The :class:`.HyperParametersSearchCrossValidationTask` class can be used to search the best hyperparameters of a scikit-learn estimator/pipeline on some data.
**Cross-Validation**
It can support both stratified k-fold cross-validation as well as cross-validation with user-defined folds.
By default, stratified k-fold cross-validation is used with the default parameters of :meth:`.stratified_folds` method.
**Search**
It can support both grid search as well as random search.
By default, grid search is used.
"""
[docs] def __init__ (self, estimator, search_params, train_data_set, estimator_params=None, field_delimiter=',', scorers=['roc_auc', 'average_precision', 'f1', 'precision', 'recall', 'accuracy'], feature_columns='all', id_column='id', label_column='label', objective_score='f1', random_seed=42, verbose=3, n_jobs=1, return_train_score=True):
"""
This is the constructor method and can be used to create a new object instance of :class:`.HyperParametersSearchCrossValidationTask` class.

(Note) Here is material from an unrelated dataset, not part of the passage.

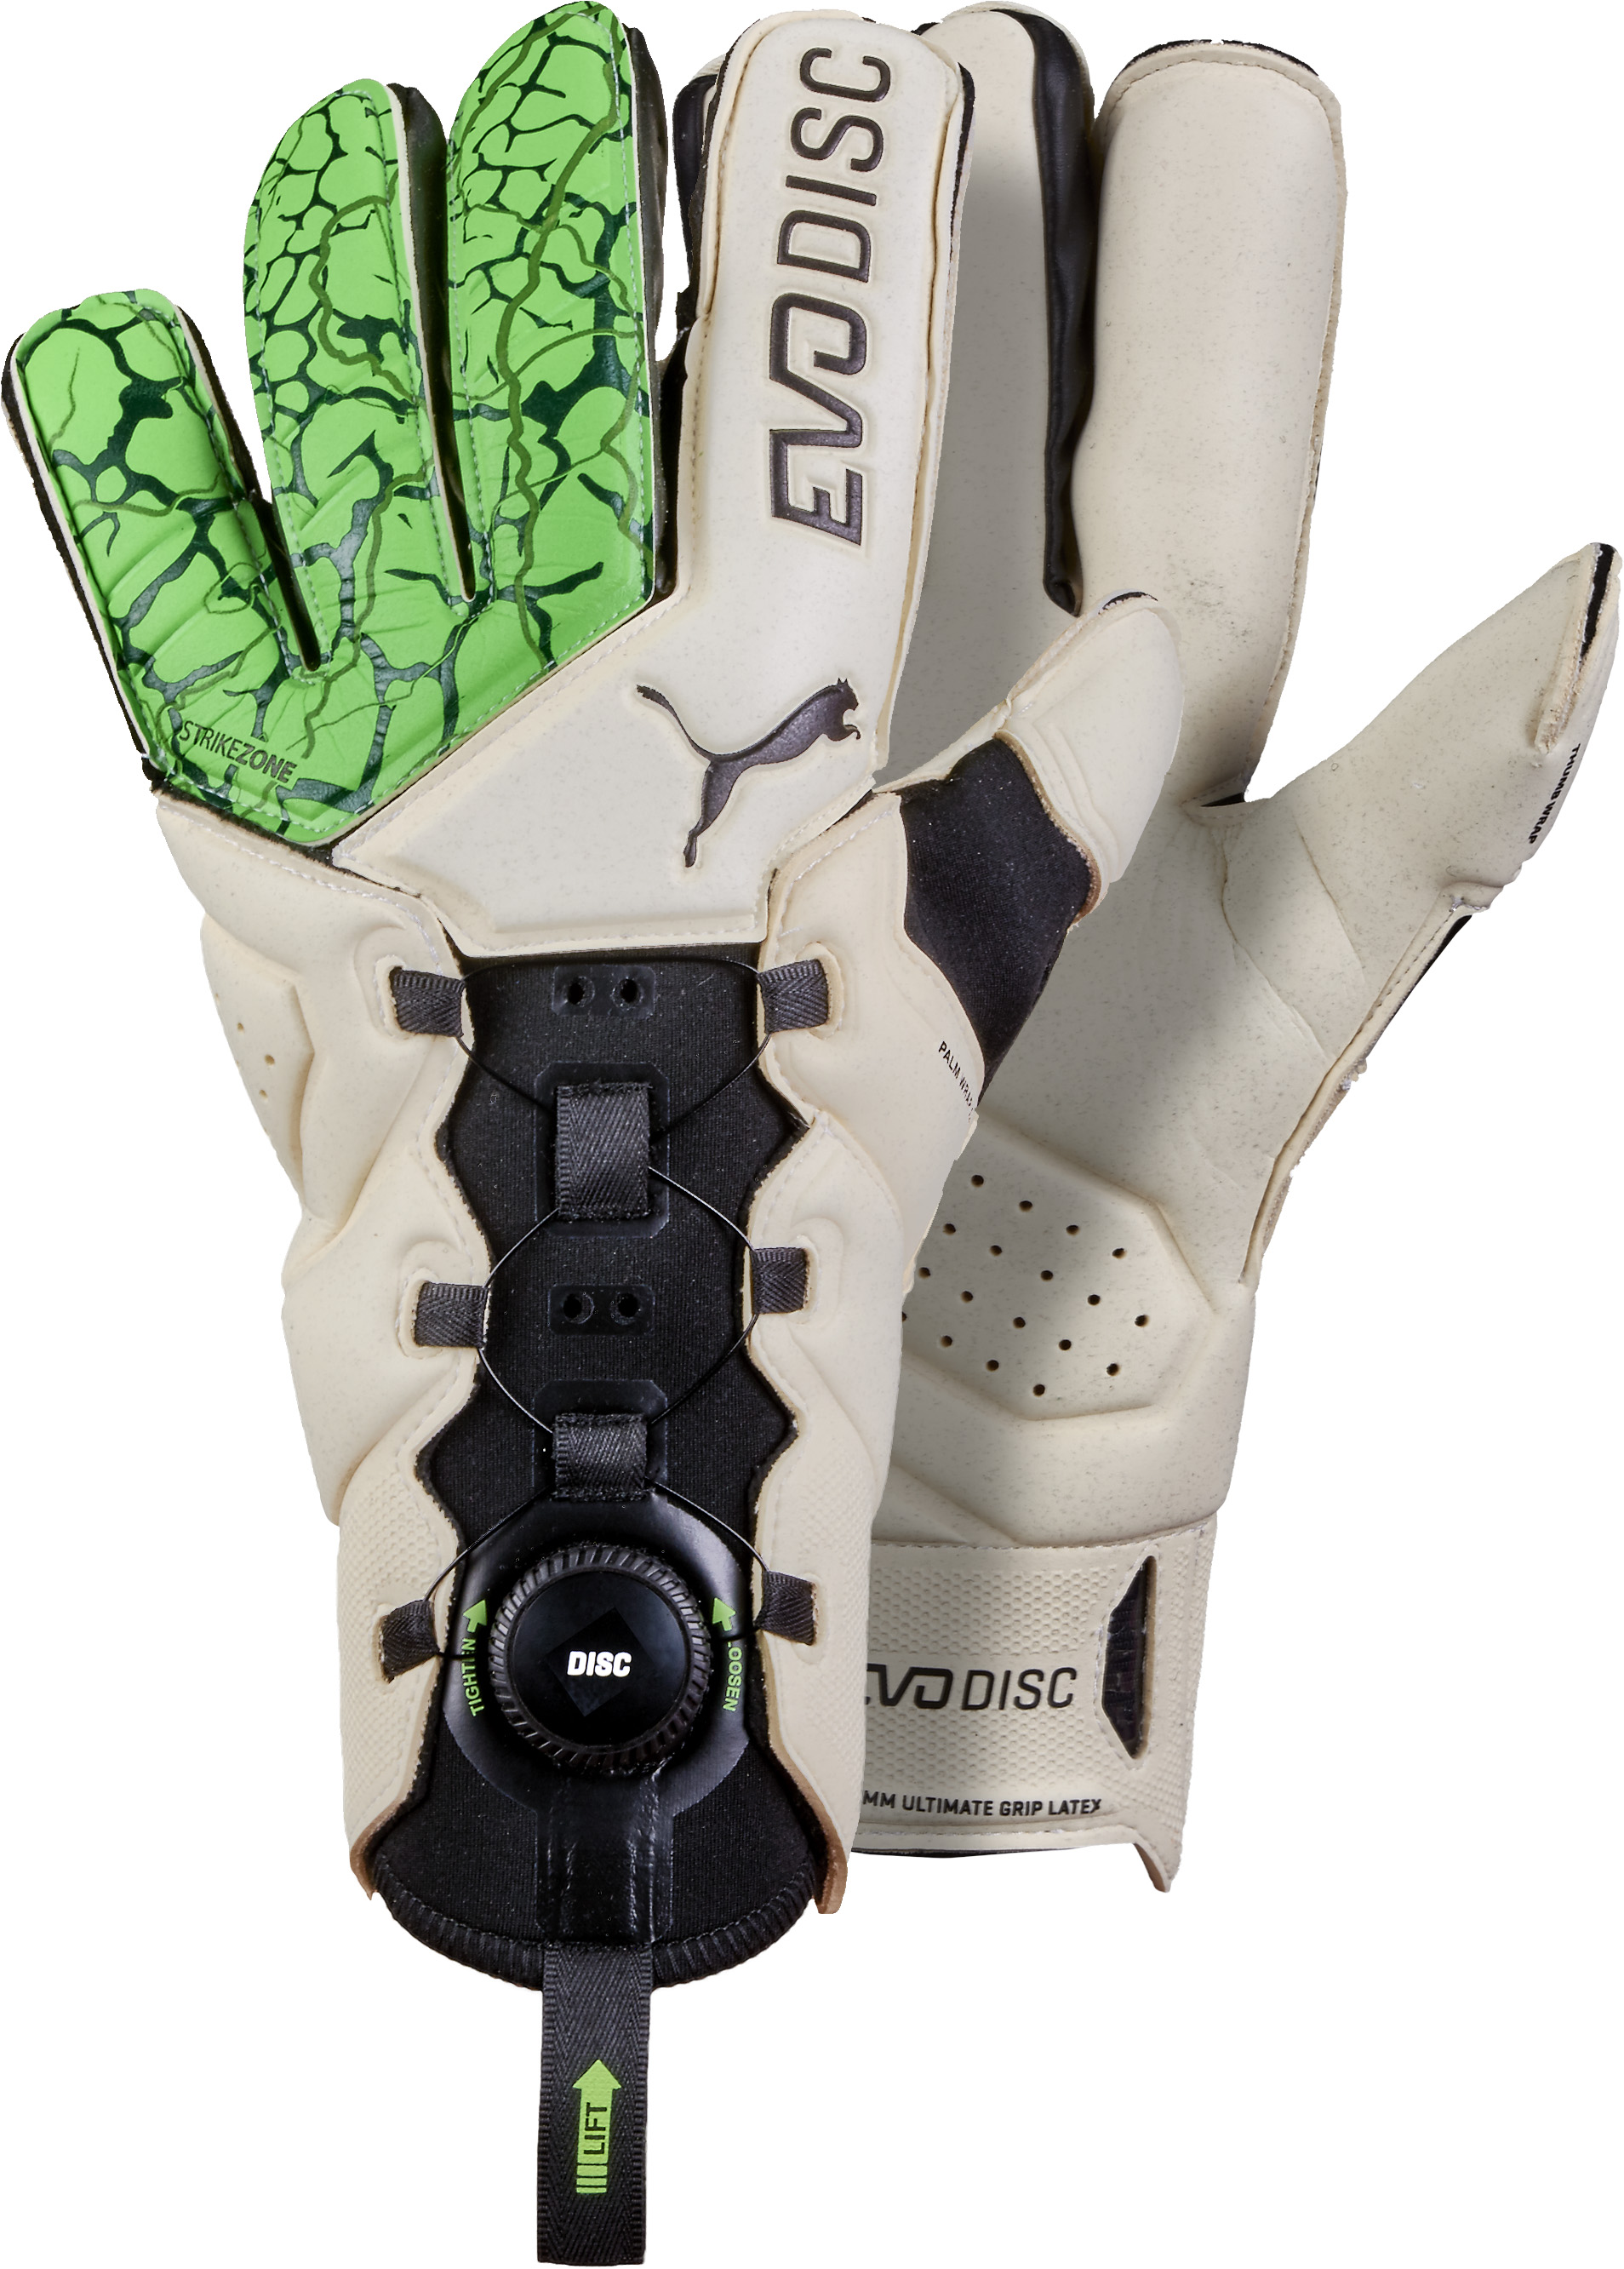 puma disc goalkeeper gloves

:param estimator: It can be either an estimator (e.g., LogisticRegression) or a pipeline ending with an estimator.
:type estimator: scikit-learn {estimator, pipeline}
:param search_params: Dictionary with hyperparameters names as keys and lists of hyperparameter settings to try as values, or a list of such dictionaries, in which case the grids spanned by each dictionary in the list are explored. This enables searching over any sequence of hyperparameter settings.
:type search_params: {dict, list of dictionaries}
:param train_data_set: The input train data set. It can be either a URL, a disk file path or a pandas DataFrame.
:type train_data_set: {str, pandas DataFrame}
:param estimator_params: The parameters to override in the provided estimator/pipeline. It defaults to None.
:type estimator_params: dict, optional
:param field_delimiter: The separation delimiter (comma for CSV, tab for TSV, etc.) used in the input train data set file. It defaults to ','.
:type field_delimiter: str, optional
:param scorers: Multiple metrics to evaluate the predictions on the hold-out data. Either give a list of (unique) strings or a dict with names as keys and callables as values. The callables should be scorers built using scikit-learn ``make_scorer``. Note that when using custom scorers, each scorer should return a single value. It defaults to ['roc_auc', 'average_precision', 'f1', 'precision', 'recall', 'accuracy'].
:type scorers: {list, dict}, optional
:param feature_columns: Either 'all' to use from the input train data set file all the columns or a list of column names to select specific columns. It defaults to 'all'.
:type feature_columns: {str, list}, optional
:param id_column: The name of the column in the input train data set file containing the sample IDs. It defaults to 'id'.
:type id_column: str, optional
:param label_column: The name of the column in the input train data set file containing the ground truth labels. It defaults to 'label'.
:type label_column: str, optional
:param objective_score: The scorer that would be used to find the best hyperparameters for refitting the best estimator/pipeline at the end. It defaults to 'f1'.
:type objective_score: str, optional
:param random_seed: The random seed used in the random number generator. It can be used to reproduce the output. It defaults to 42.
:type random_seed: int, optional
:param verbose: Controls the verbosity of output. The higher, the more messages. It defaults to 3.
:type verbose: int, optional
:param n_jobs: Number of jobs to run in parallel. -1 means using all processors. It defaults to 1.
:type n_jobs: int, optional
:param return_train_score: If False, training scores will not be computed and returned. Computing training scores is used to get insights on how different parameter settings impact the overfitting/underfitting trade-off. It defaults to True.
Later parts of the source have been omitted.